São Paulo - A famosa história bíblica da arca de Noé virou uma superprodução cinematográfica que estreia hoje em cerca de 900 salas pelo país. Nos Estados Unidos, onde estreou na semana passada, "Noé", do diretor Darren Aronofsky (que fez "Cisne Negro"), conquistou o primeiro lugar nas bilheterias.
O ator australiano Russell Crowe dá vida a Noé, o homem que recebe de Deus a missão de construir uma arca para salvar um casal de cada espécie animal de um grande dilúvio, que teria como objetivo castigar a raça humana, que, com ganância e egoísmo, transformou o mundo em uma grande guerra.
"Noé é o escolhido por ser um homem bom. Deus sabia que iria completar essa difícil tarefa", explica Crowe. Fica nas mãos dele, porém, decidir se a raça humana será ou não extinta no novo mundo. "Mas a escolha não é dele. Ele é um servo de Deus", continua o ator.
Além de trabalhar duro para construir a arca, Noé, sua mulher Naameh (Jennifer Connelly), seus filhos Shem (Douglas Booth) e Ham (Logan Lerman) e a adotada Illa (Emma Watson) terão de enfrentar uma multidão que, com o início da chuva, tenta invadir a arca para sobreviver. Deixar que as pessoas morram, mesmo com espaço sobrando na arca, é o mais difícil para os personagens. E nesse momento surgem as cenas mais fortes do filme.
Para Crowe, que acredita que a história seja verdadeira depois de estudá-la e encontrá-la em várias religiões, o longa gera reflexão. "Estimula a discussão sobre o papel do homem. Para quem tem fé ou não."

PAIXÃO POR BICHOS
O astro Russell Crowe aceitou protagonizar "Noé" não apenas por ser uma superprodução de grande visibilidade.

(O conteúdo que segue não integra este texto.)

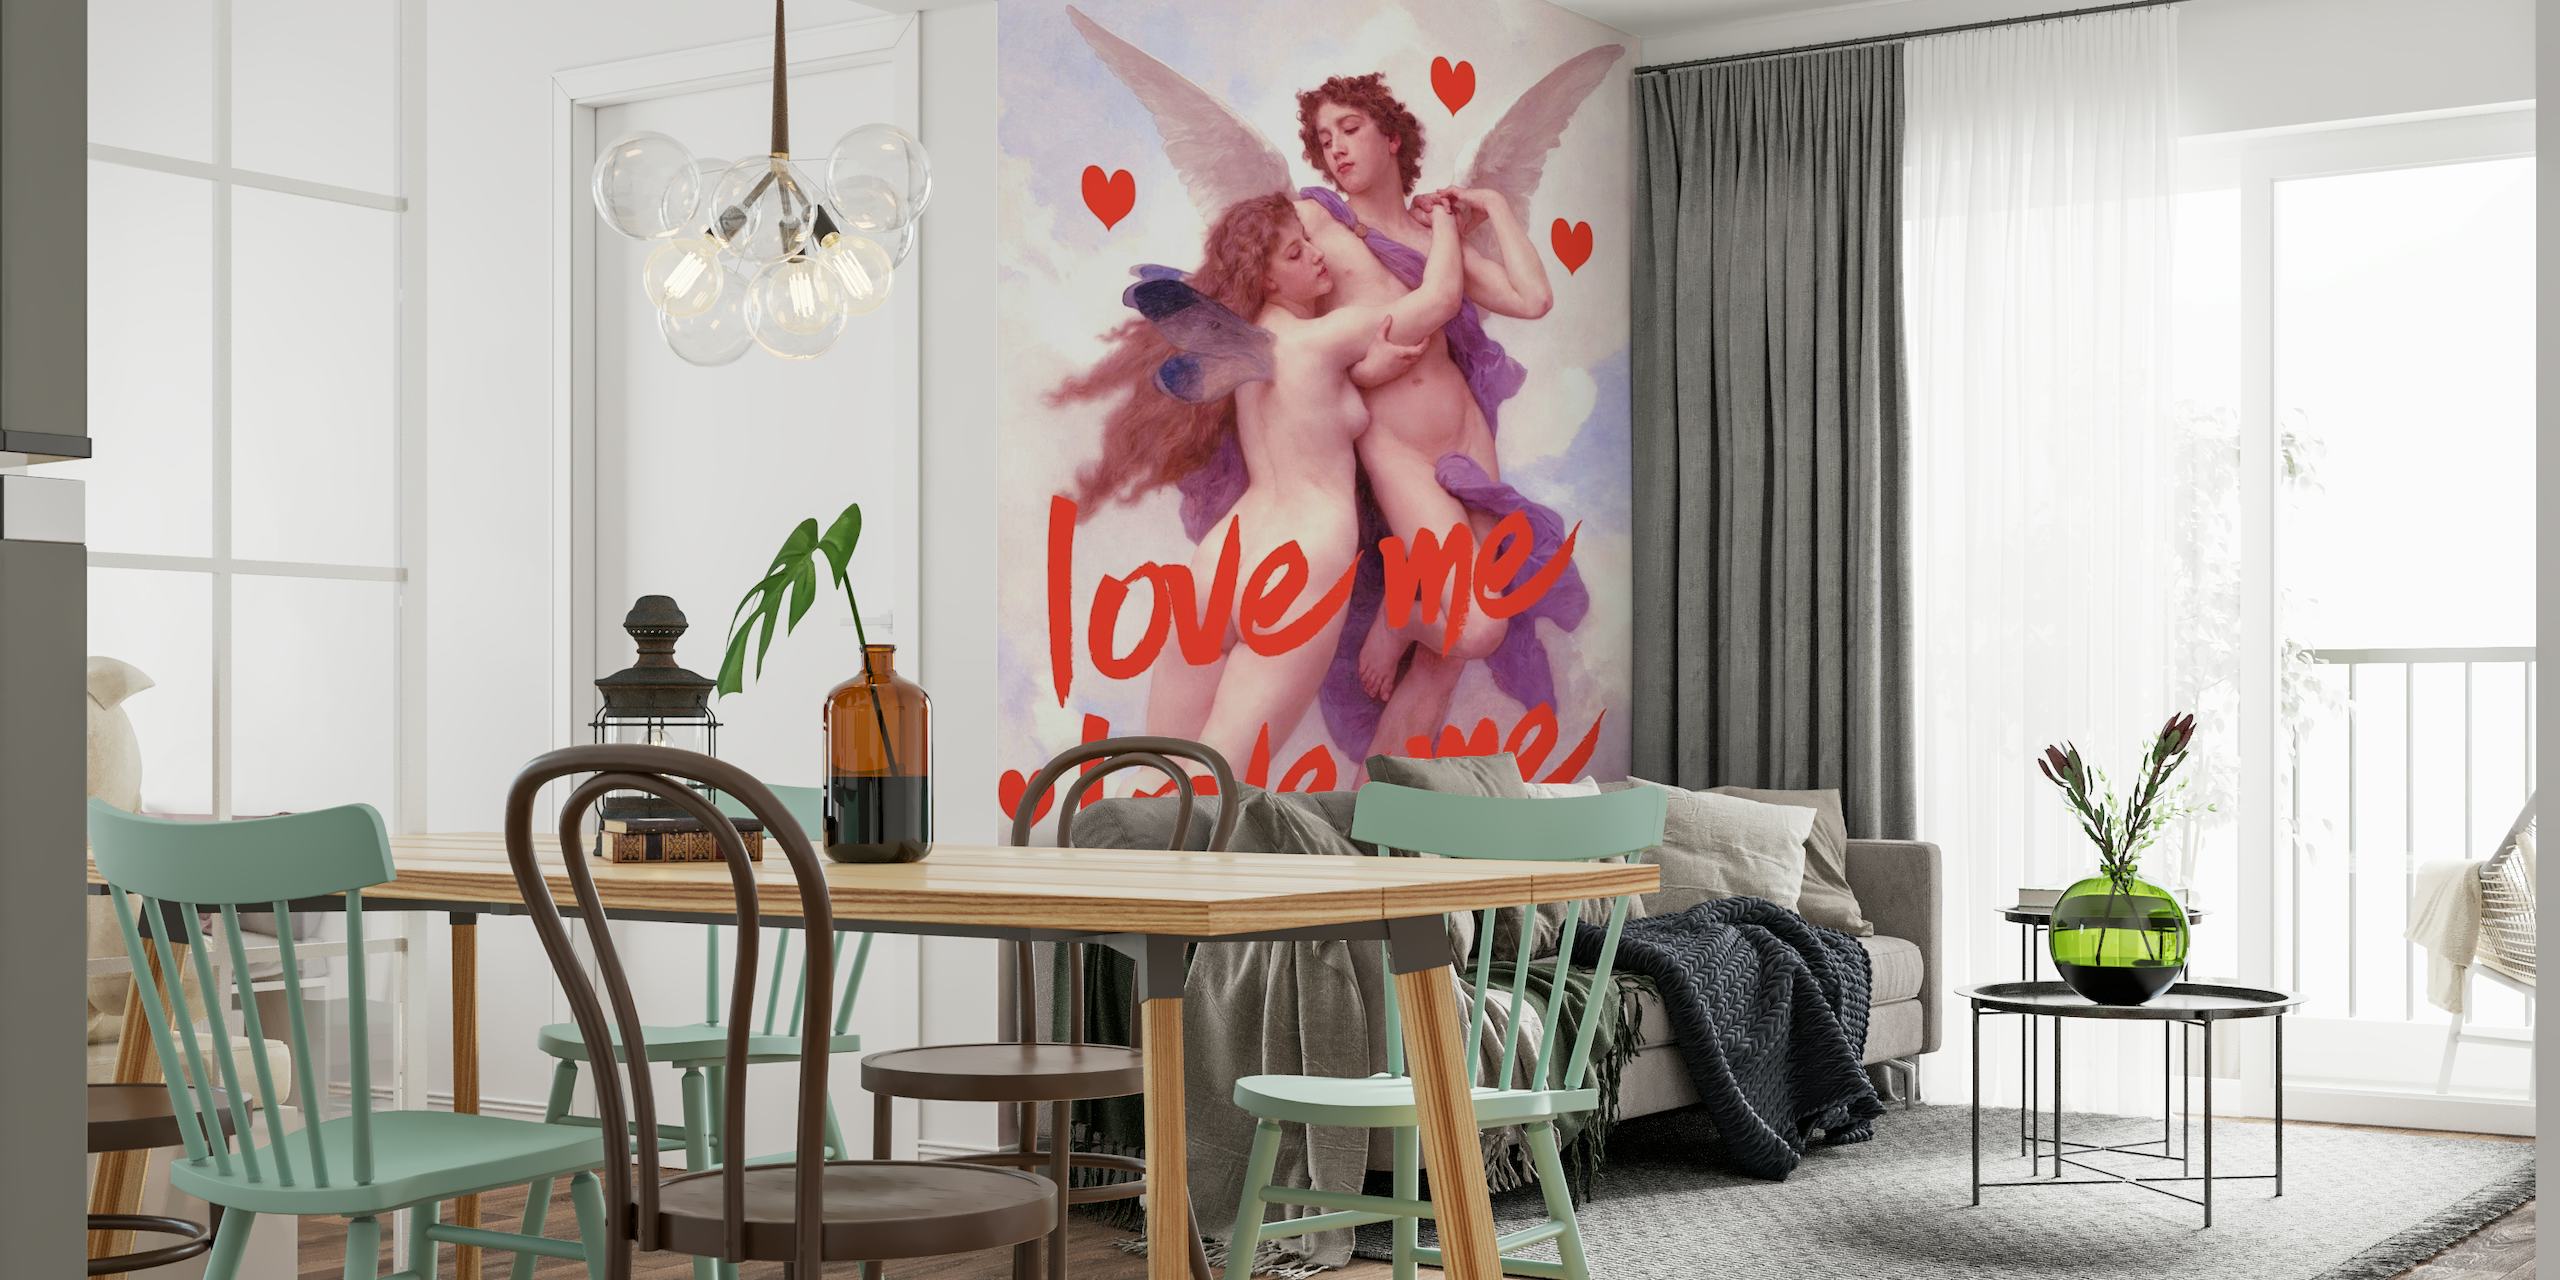 Romantisk Love Angel vægmaleri med engle og hjerter

O ator revelou que se identifica bastante com o tema. "Darren Aronofsky é um ativista vegetariano, e eu amo os animais, tenho uma profunda conexão com eles."
Ele continua: "Acredito que a forma como olhamos os bichos explica a nossa sociedade. Se mudarmos o jeito que os tratamos, mudaremos também o modo como nos relacionamos", afirma.
Por isso, a história de um homem que salva os animais, criaturas puras, de um dilúvio que castiga a raça humana, o interessou tanto. O ator ainda afirma que filmar a história da arca de Noé sempre foi o sonho do diretor americano. "Ele escreveu um poema sobre Noé aos 13 anos e sempre sonhou com esse filme, mas teve que fazer produções menores até conseguir um bom orçamento para esse", conta Crowe, sobre o longa de US$ 125 milhões.
Crowe, no entanto, lamenta não ter contracenado com os animais. Eles foram todos inseridos digitalmente nas cenas. "Os animais digitais foram decepcionantes. Apenas o pássaro era real", conta ele que, em um momento do filme, faz um passarinho dormir com algumas ervas - que tinham o objetivo de manter todos os animais da arca desacordados enquanto durasse o dilúvio.
Para ele, a pior parte das filmagens foi a chuva ininterrupta durante a maior parte das cenas. "De 70 dias de gravação, foram 36 de chuva. No final, as gotas já pareciam socos", brinca o ator.